Confused about non pure virtual classes in C++, what are they for?

I have a class declared as follow:

class TestFoo {
public:
    TestFoo();
    virtual void virtualFunction();
    void nonVirtualFunction();
};

that I try to implement this way

TestFoo::TestFoo(){}
void TestFoo::nonVirtualFunction(){}

which on compilation returns the error:

undefined reference to vtable for TestFoo

I tried :

TestFoo::TestFoo(){}
void TestFoo::nonVirtualFunction(){}
void TestFoo::virtualFunction(){}

which compiles ok which is consistent to the answers to these posts:

Undefined reference to vtable

undefined reference to vtable

What confuses me is that I thought the whole point of declaring a virtual function is that I would not need to define it. In this example, I am not planning to create any instance of TestFoo, but to create instances of (concrete) classes inheriting from TestFoo. But still, I want to define the function nonVirtualFunction for every subclasses of TestFoo.

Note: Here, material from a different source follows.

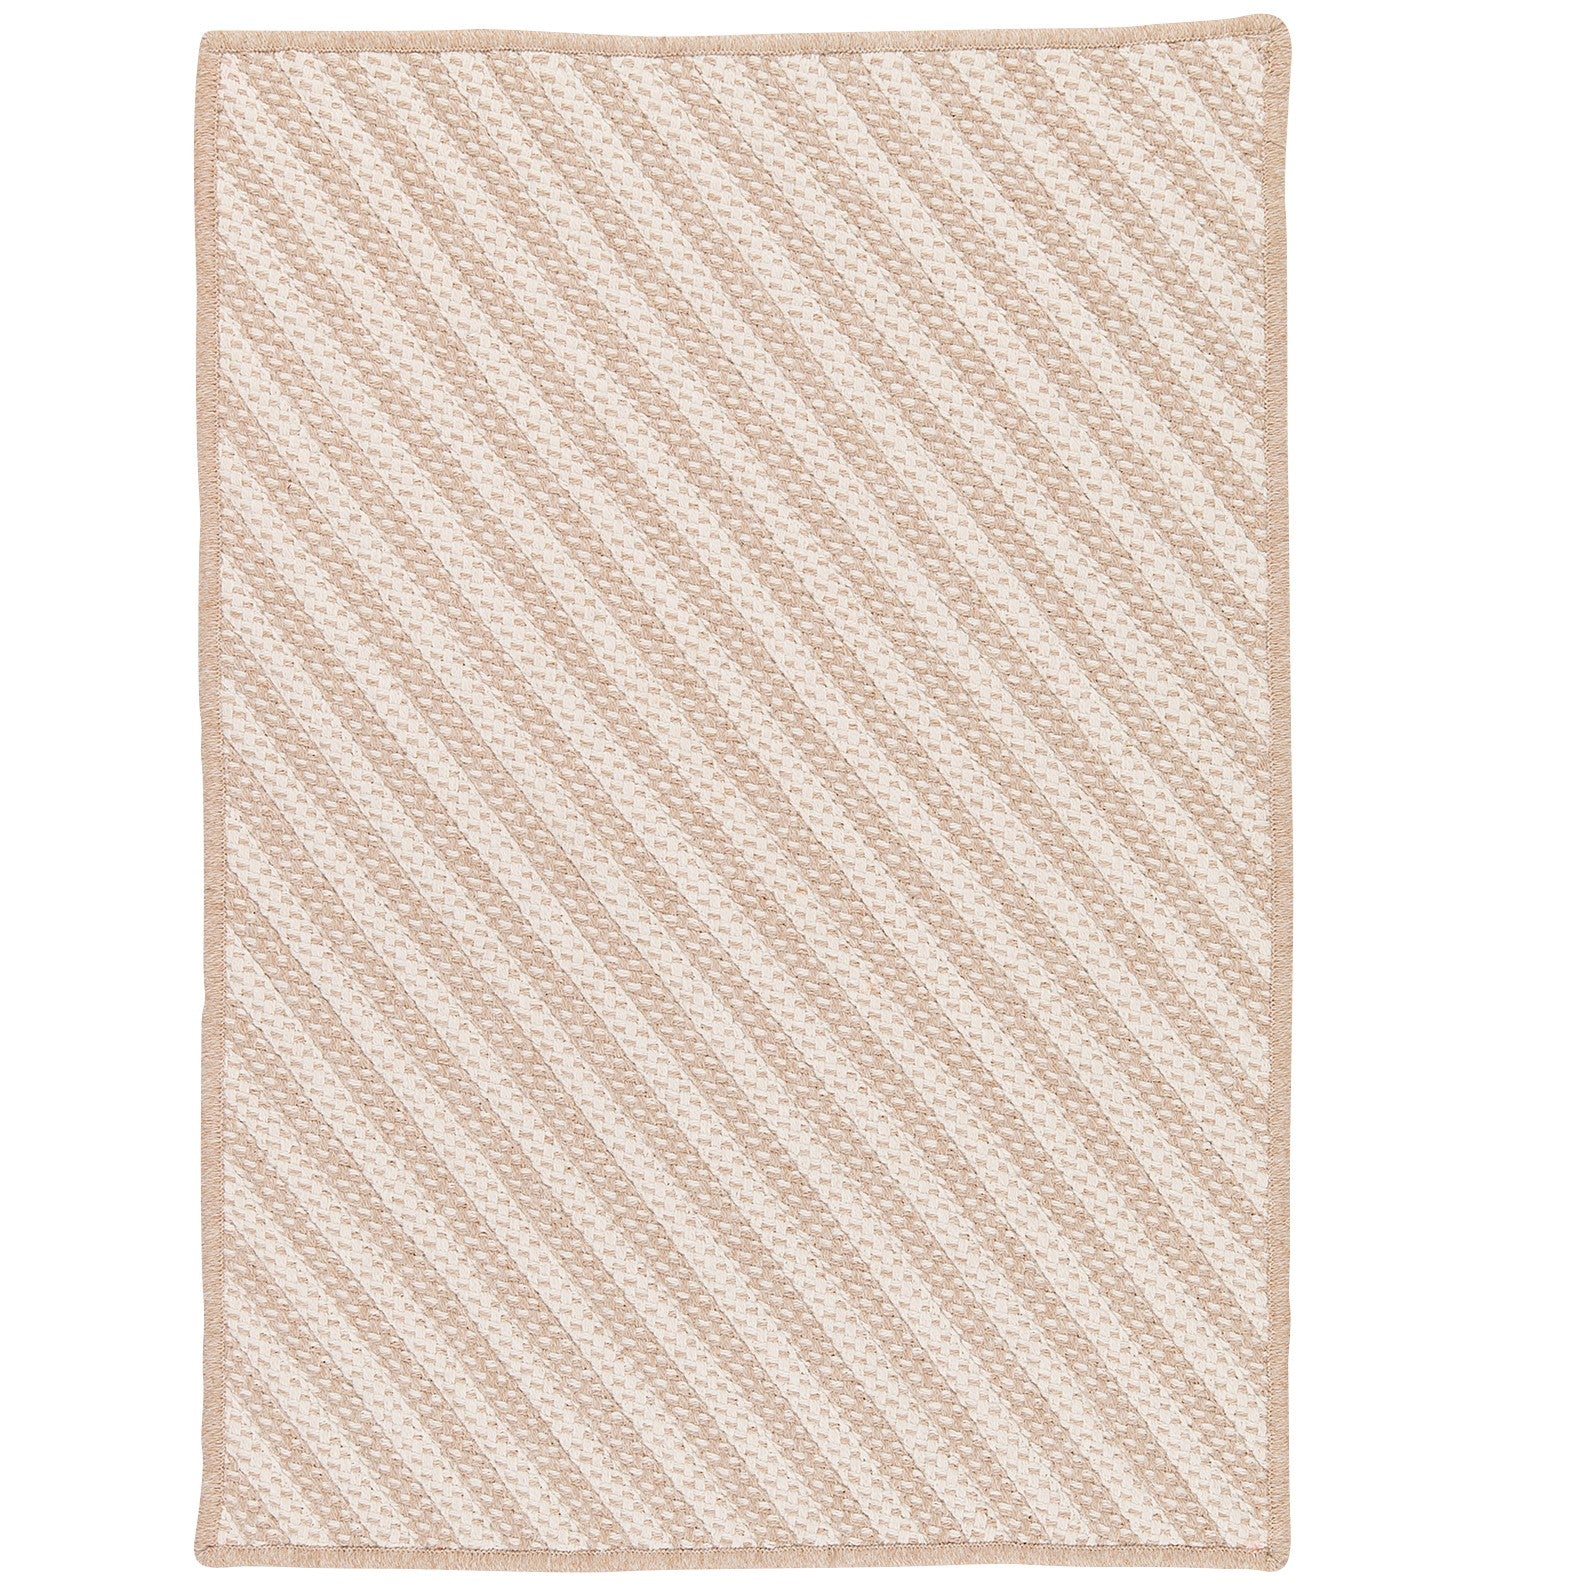 Colonial Mills Blue Hill BI81 Natural Contemporary Area Rug

Something I did not get right ?

Thanks !

Solution

  • Your description matches perfectly with the case of an abstract class. Declare your virtual function as:

        virtual void VirtualFunction () = 0;

    This means that you are not implementing the function in this class. As a result, the class becomes abstract. That is, no bare objects of this class can be instantiated.

    Also, you should provide a virtual destructor.

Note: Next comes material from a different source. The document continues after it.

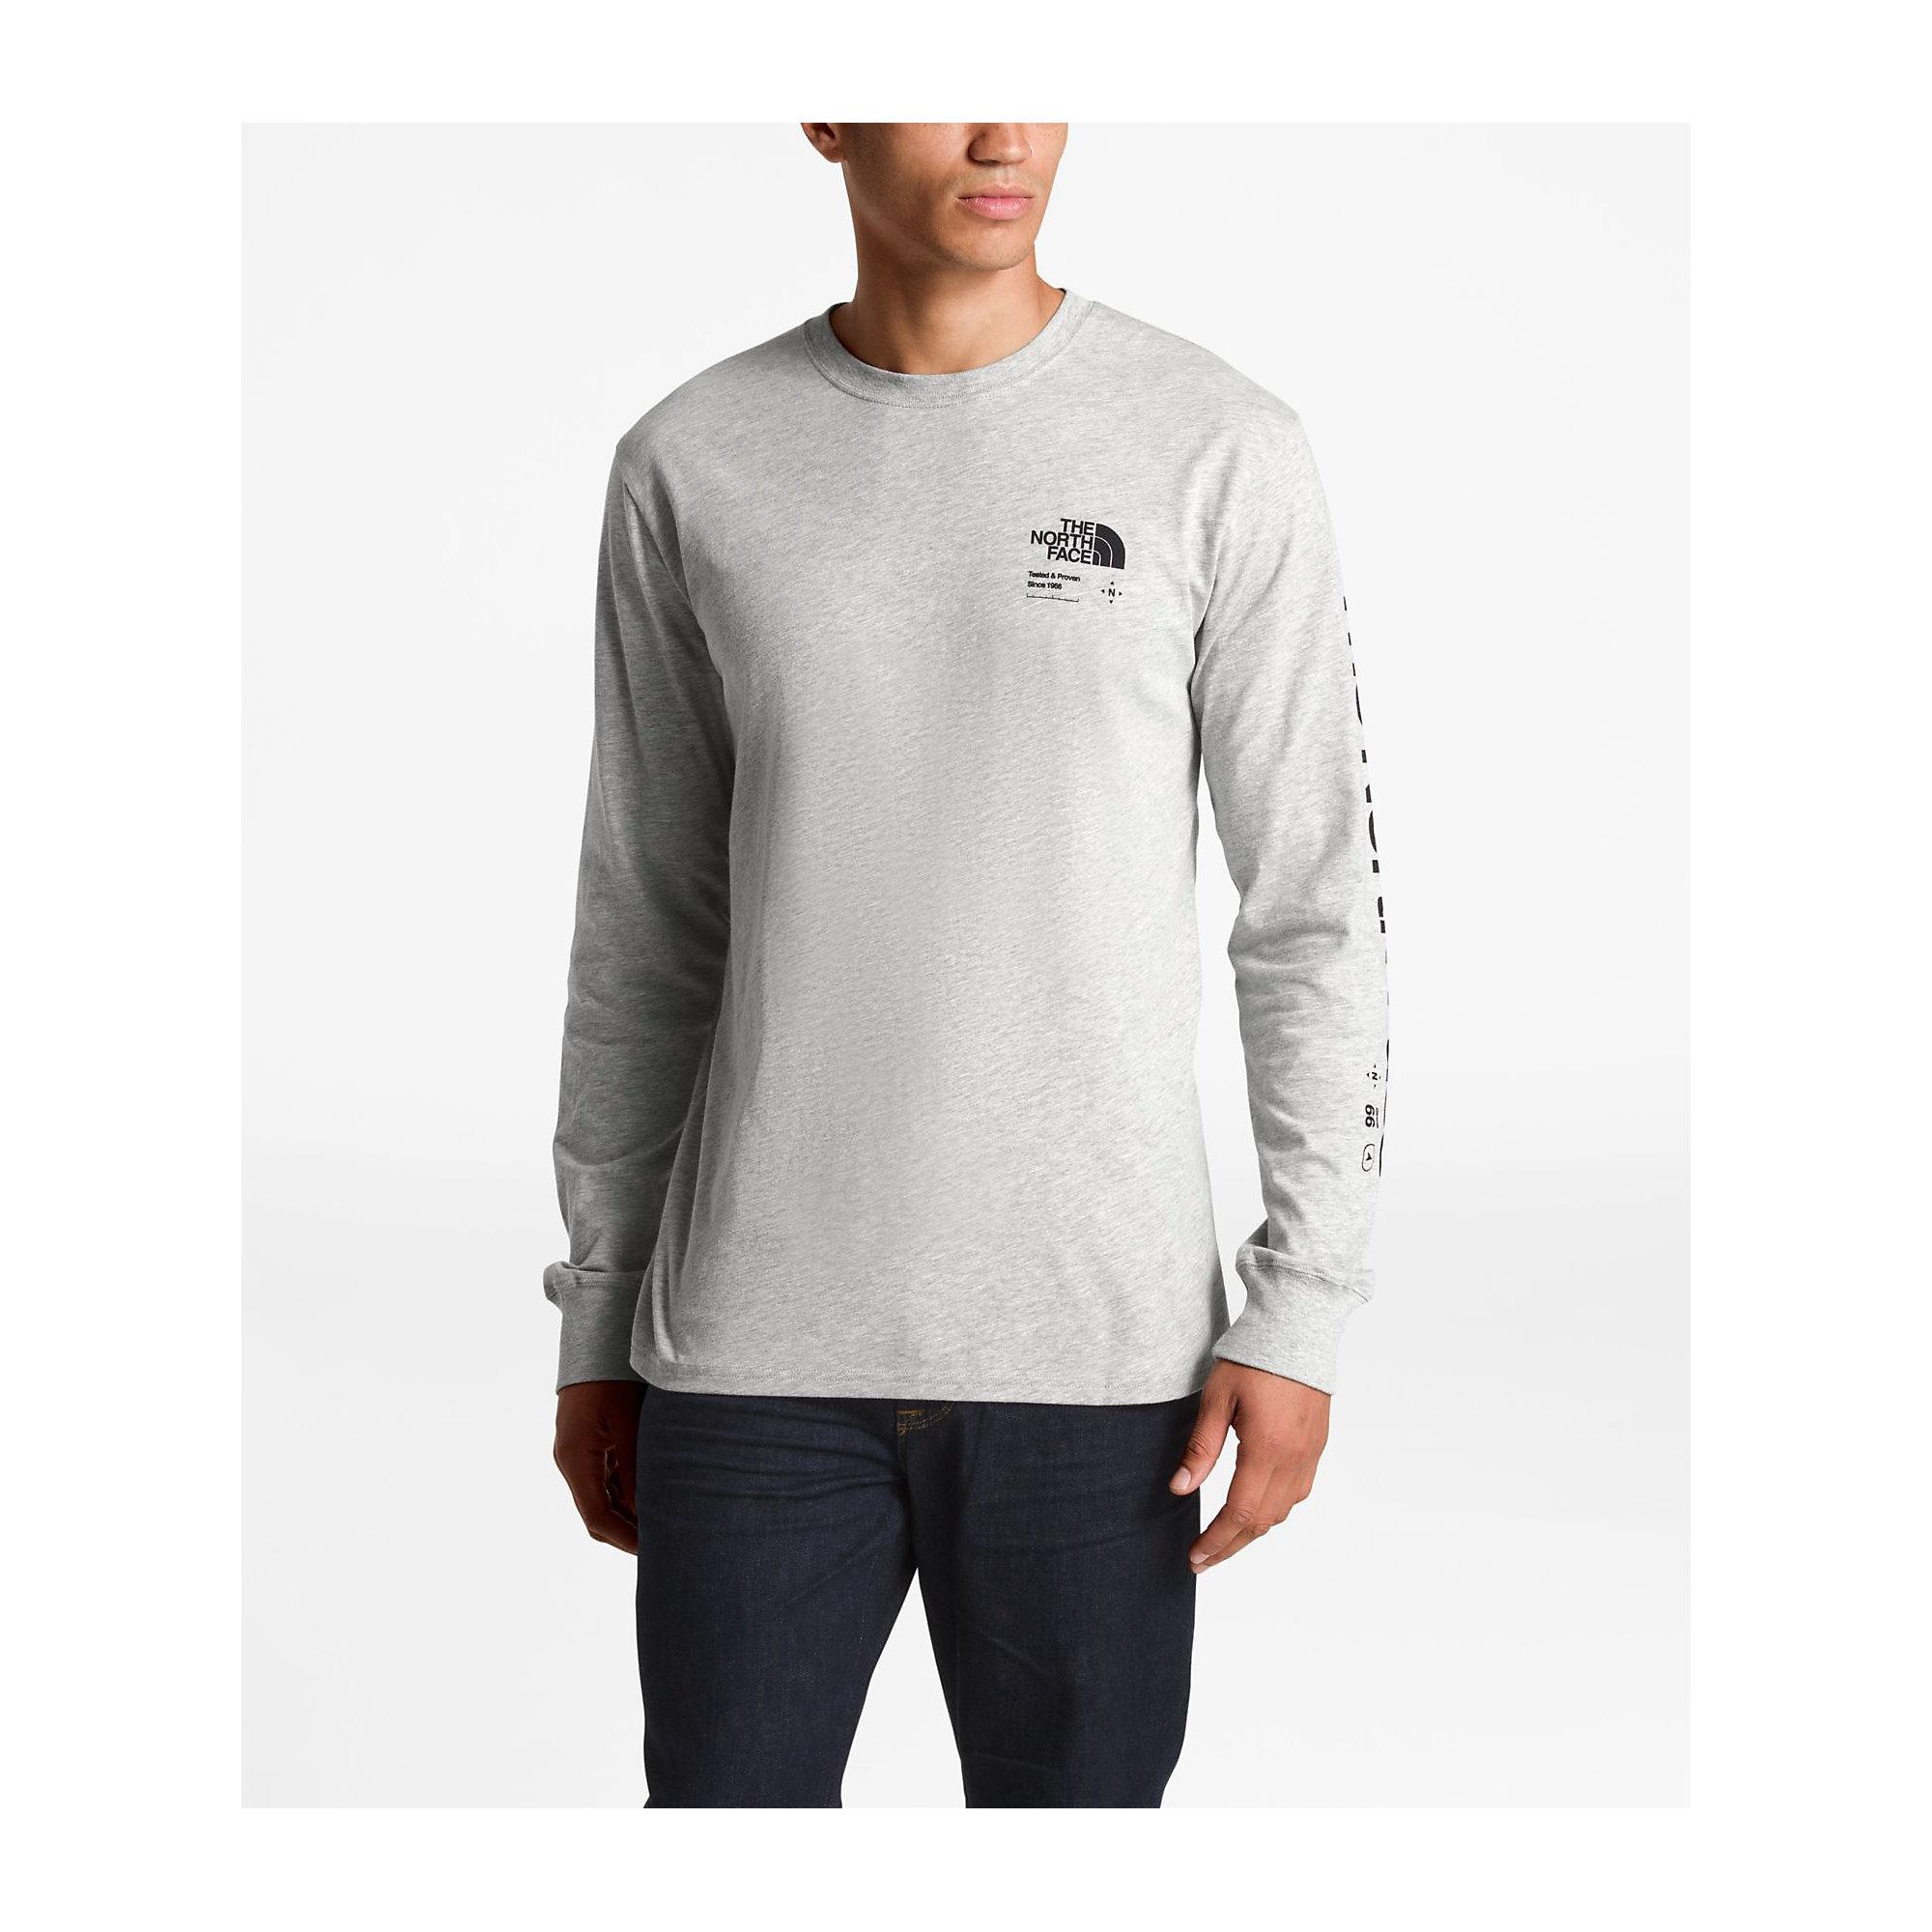 north face half dome long sleeve

    Update: Some clarifications...

    The language allows you to redefine a non-virtual function. Though, the wrong version might be called in some cases:

    derived D;    // rB is a reference to base class but it
base & rB=D;  // points to an object of the derived class

rB.NonVirtualFunction ();  // The base-class version is called

    For this reason, redefining a non-virtual function is strongly discouraged nowadays. See Scott Meyers' "Effective C++, Third Edition: 55 Specific Ways to Improve Your Programs and Designs", item 36: "Never redefine an inherited non-virtual function."

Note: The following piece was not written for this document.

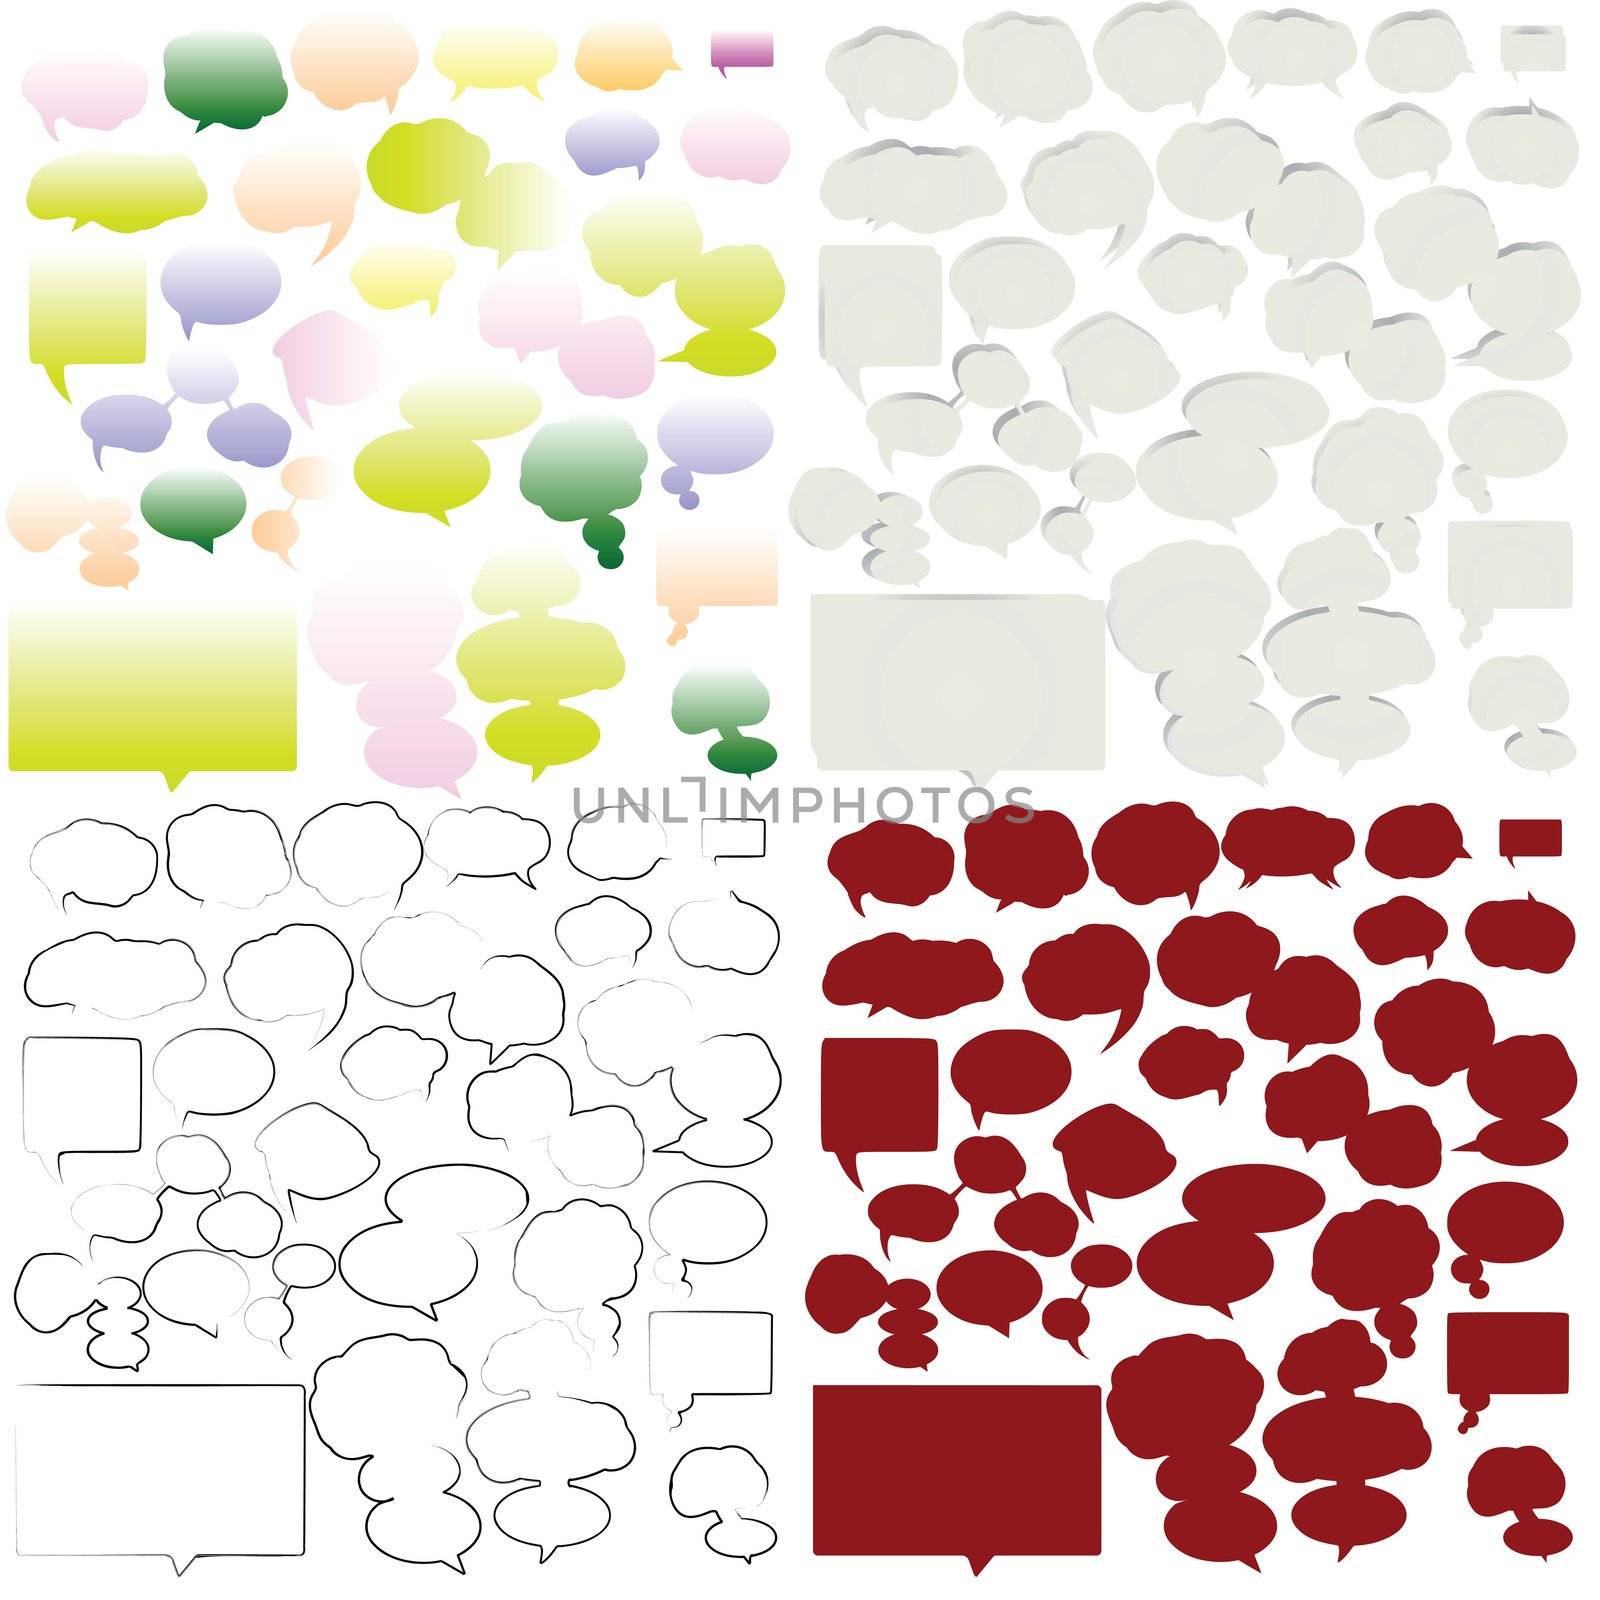 Variety of empty and stylized speech bubbles for text

    See also item 7: "Declare destructors virtual in polymorphic base classes". An example:

    base * pB = new derived;
delete pB;                // If base's destructor is not virtual,
                          // ~derived() will not be called.

    In case you wonder why isn't everything virtual by default, the reason is that calling a virtual function is slightly slower than calling a non-virtual one. Oh, and objects of classes with virtual functions occupy a few more bytes each.